Like any human being, you are made up of trillions of cells, most of which are constantly dividing. As you read this text, many of your cells are dividing, and each division carries the risk of generating a mutation in the DNA. While most mutations are harmless or correctable, some may give the cell the ability to proliferate uncontrollably, resulting in cancer.
Tumor cells are selfish entities that seek immortality, while threatening the life of the body they inhabit. If, on the one hand, thanks to advances in science it is much easier to survive cancer today, on the other hand, it is increasingly common to have this disease. New estimates suggest that in the coming decades, one in two people will be diagnosed with a malignant tumor at some point in their lives.
Although factors related to our lifestyle influence the increase in cases, the main responsible for this incidence is our increasing life expectancy. The probability of developing cancer grows as cells divide and accumulate mutations, which occurs predominantly as we age: about 60% of cases affect people over 65 years of age. According to this reasoning, animals that have more cells than humans and that live longer should have a higher risk of developing cancer, and the opposite would also be true.

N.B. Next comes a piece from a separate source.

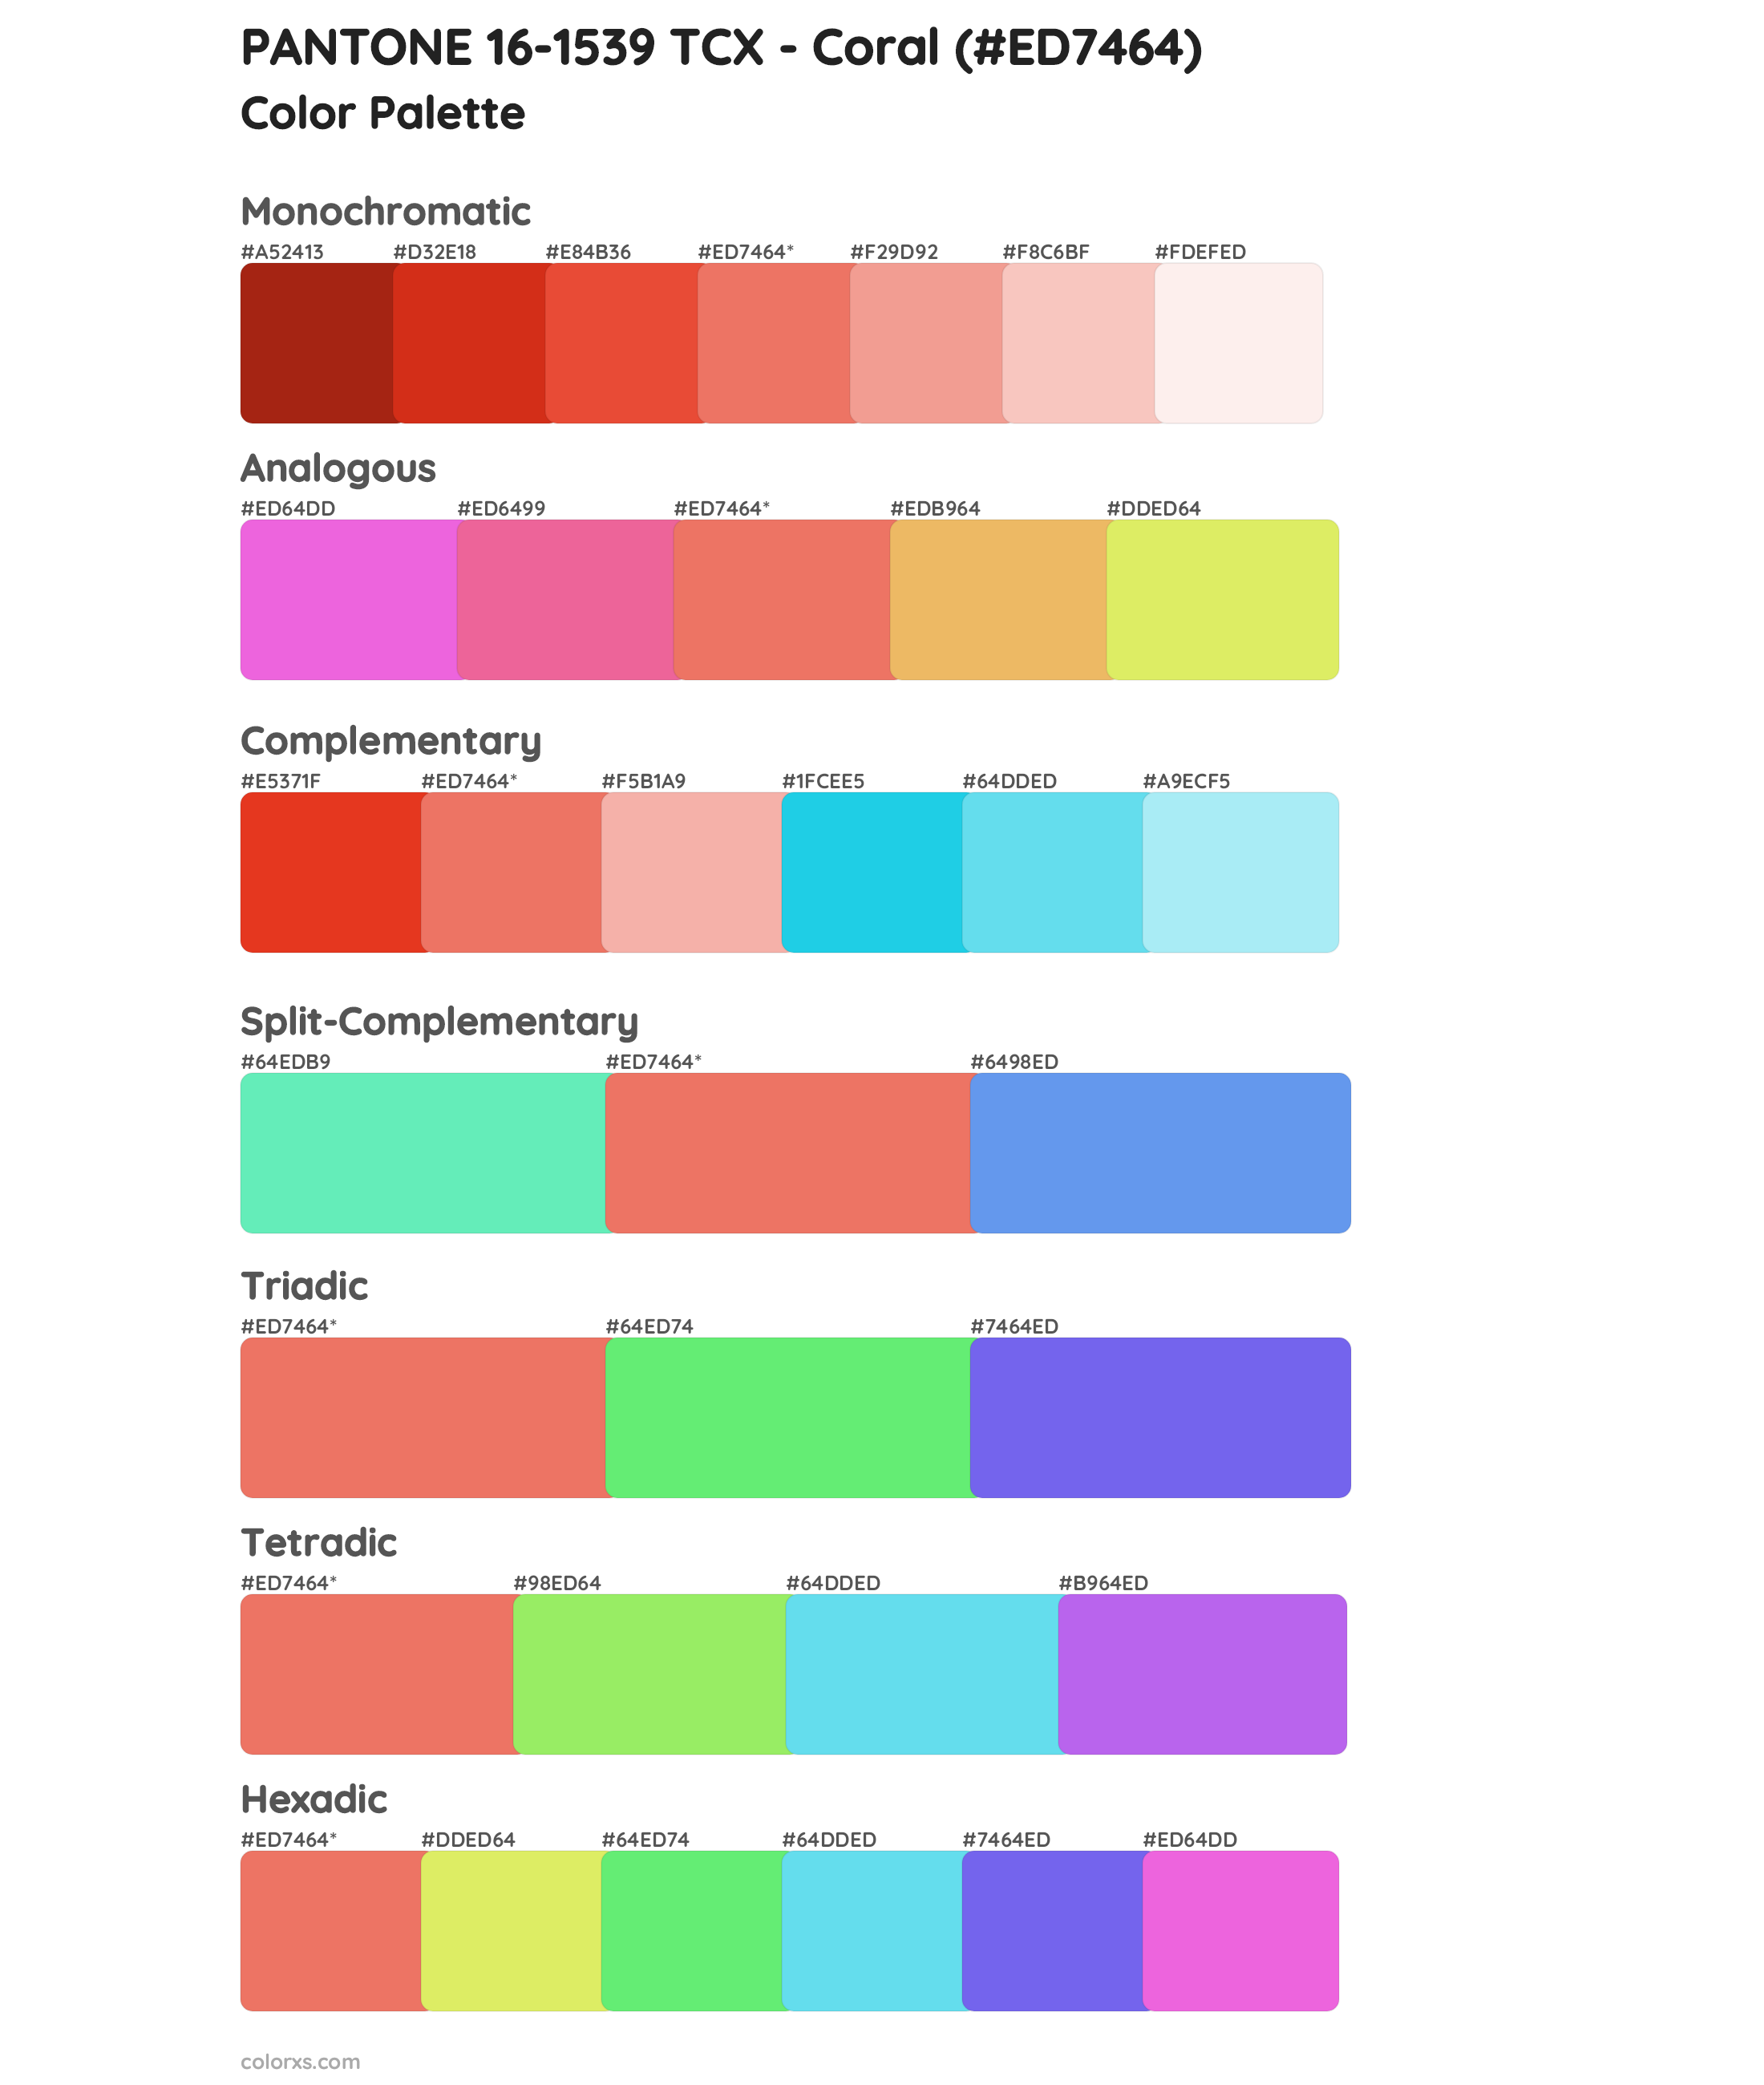 PANTONE 16-1539 TCX - Coral Color Scheme Palettes

Surprisingly, that’s not how it works. Nearly 50 years ago, British researcher Richard Peto observed that, despite mice having 1,000 times fewer cells than humans and a life expectancy 30 times shorter than ours, the risk of mice and humans developing cancer was similar. This observation became known as the Peto Paradox.
This paradox can be observed in several animal families. The Greenland whale, for example, weighs 100 tons and lives over 200 years, but there are no records of a malignant tumor in this species. Researchers have recently discovered changes in your cells in genes associated with DNA repair and the regulation of cell division and metabolism. Similarly, the humpback whale has gene duplications that may favor the death of tumor cells and the activation of the immune system.
Already in elephants, whose cancer rate is only 5%, many extra copies of a tumor suppressor gene, called TP53 – it encodes the production of the p53 protein, the main regulator of our cell division cycles, “the guardian of the genome”. DNA damage activates such a protein, which will trigger a sequence of events in the cell in an attempt to repair the damaged DNA, stop cell growth, or cause the modified cell to die, preventing it from dividing and passing on acquired mutations. In elephants, if one copy of this gene becomes inactive, there are many others that can take over and protect the organism.
In recent years, data on tumor rates and cell function in several species of the animal kingdom have helped us to understand the important role of evolution in the development of cancer. It is believed that large, long-lived animals needed to develop compensatory adaptations so that their robust numbers of cells could continue dividing for decades without generating tumors.
Evolution may also explain why some mammals have higher rates of cancer than others, and the key to the answers may lie in pregnancy. In some placental mammals, such as humans, the fetal part of the placenta invades maternal tissue to reach the blood vessels of the uterus and obtain nutrition for the fetus. There are great similarities between the invasion of the uterine placentas and that of cancer in the tissues of the body, and animals with this type of placental invasion are more likely to develop more invasive tumors.
In agreement with these findings, several genes related to placental invasiveness were also highly expressed in tumor metastases. One hypothesis is that, with the emergence of placental mammals 100 million years ago, mechanisms that would allow the maternal immune system to tolerate the invasion of fetal tissue could have been selected, bringing the burden of a greater risk to develop tumors.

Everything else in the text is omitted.